Accounting for exactly why it is that Islamic countries (or even countries like India, with large Islamic populations) are those that demonstrate the most antipathy toward their female citizens is no straightforward task. On the one hand, Bernard Lewis is correct when he writes that “Islam as a religion and as a culture should not be blamed for the tribal customs of some of the peoples who adopted it.” On the other, the Koran is fairly specific about the value of a woman. An Islamic man may accumulate up to four of her kind in marriage—and may divorce any or all of these wives swiftly and without offering a syllable of justification. In court a woman’s testimony is worth exactly half of that of a man. In matters of inheritance among siblings, the Koran insists that “the male [must get] twice the share of the female.” And finally—although of all the passages this is the one that provokes the most controversy—there are many Muslims who conclude that the Koran permits a man to beat his wife.
“Well, that’s Verse 4:34, and it can be interpreted different ways,” Hussein Rashid, a professor of religion and political Islam at Hofstra University, demurs. “The verb that is used for hit or beat can also mean ‘to break off’ or divorce someone.” This judicious interpretation of the most incendiary Koranic passage provokes laughter when I repeat it to the Somali-born firebrand Ayaan Hirsi Ali. Allah, she observes, “is absolutely brilliant except when He is speaking about the rights of women—then Allah gets all muddled up, doesn’t really mean what He says, and becomes a very confused God.” In fact, Hirsi Ali continues, “that the husband has the right to beat his wife is in the Koran. That a woman has to dress a certain way is in the Koran, that she must stay in the house is also there. And on it goes.”

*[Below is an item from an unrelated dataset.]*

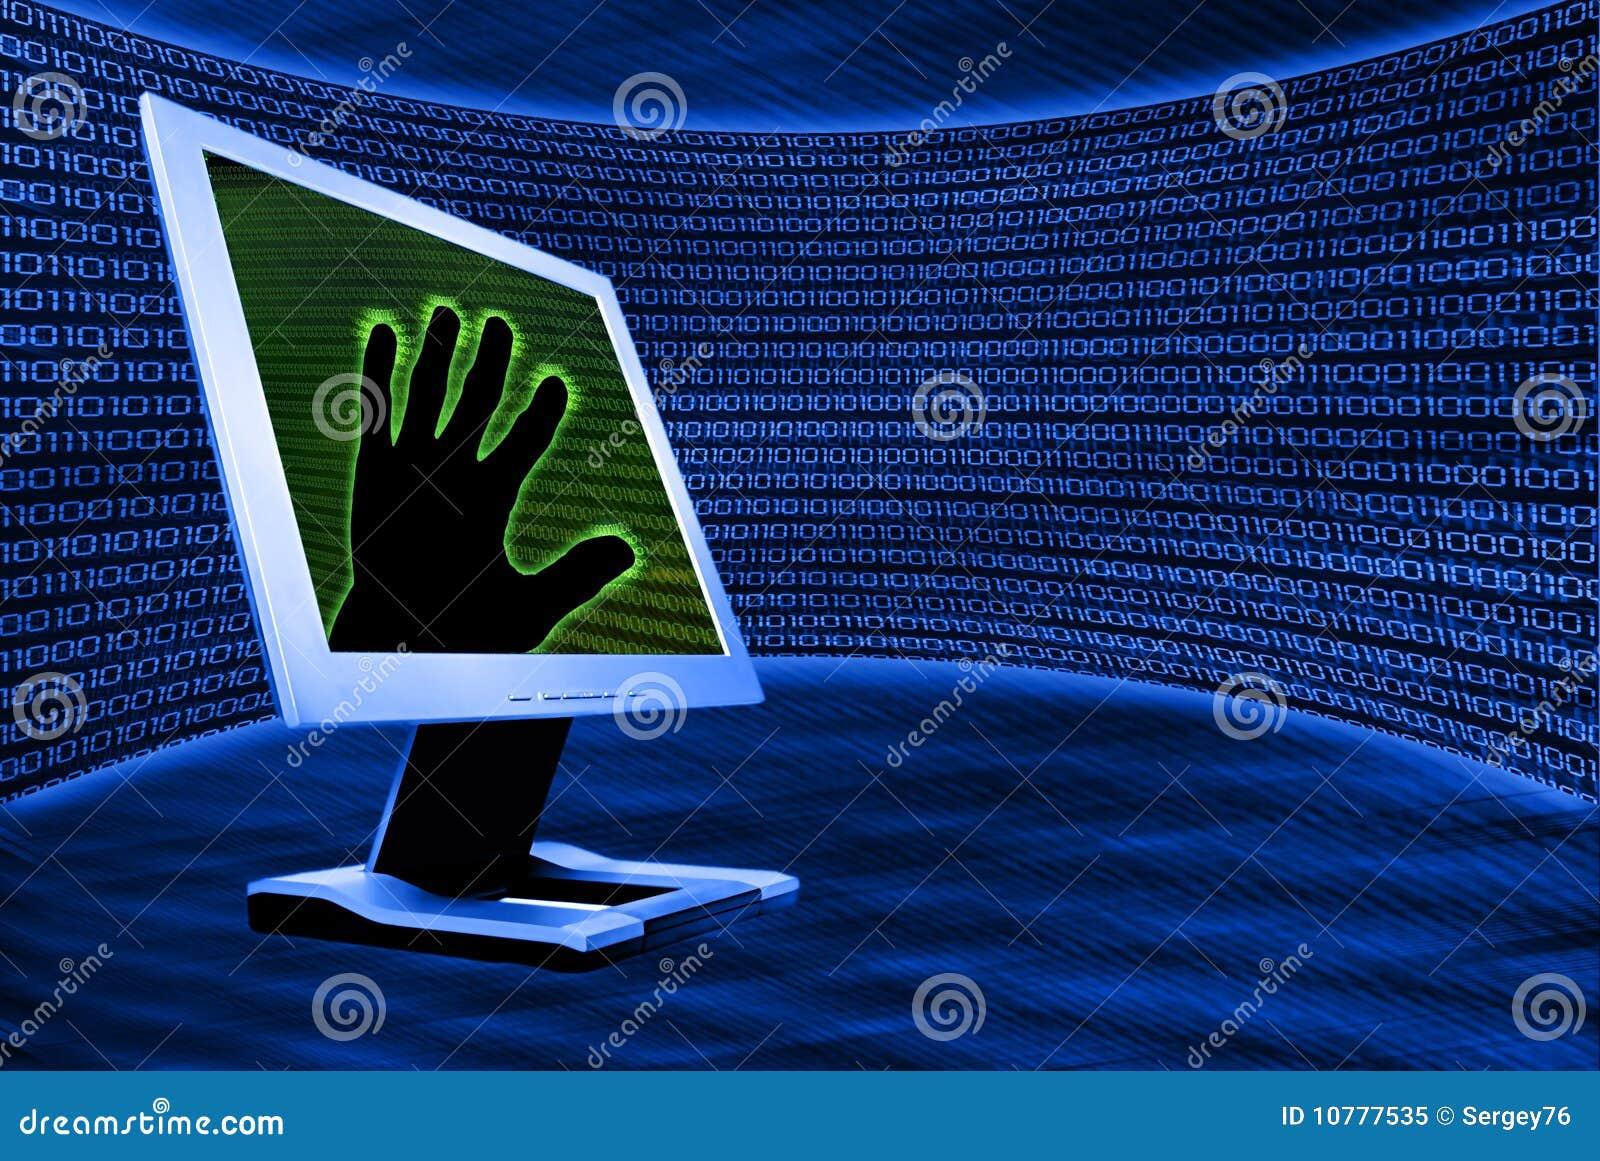 Monitor met hand

And everywhere it goes. Sharia travels without a wrinkle on its burqa. It is no small irony these days that those fortunate countries where women have fought, passionately and at great cost, for equal rights—Germany, France, the United Kingdom, the Netherlands, for instance—have become home to certain Muslim immigrants who continue to violate the rights of women, abetted frequently by both the silence of the authorities and an abashed press. Why this silence? One of the least savory consequences of a colonial past is guilt: an insidious remorse that transmutes itself into a persistent reluctance to criticize publicly those who have now themselves taken on the role of oppressor—even against those who happen to oppress, openly and without shame, within the borders of liberal nations. “You hear people talking about the need to ‘respect’ other cultures. You want me to respect this awful behavior?” Eltahawy says. . . .
What Judy Bachrach is failing to grasp is the theology of Islamic idolatry. The Scriptures tell us that man becomes like the gods he worships. Those who worship a monistic, authoritarian god end up being enforcers and subduers. The subjugation of women in Islam testifies to the essence of the idolatry itself.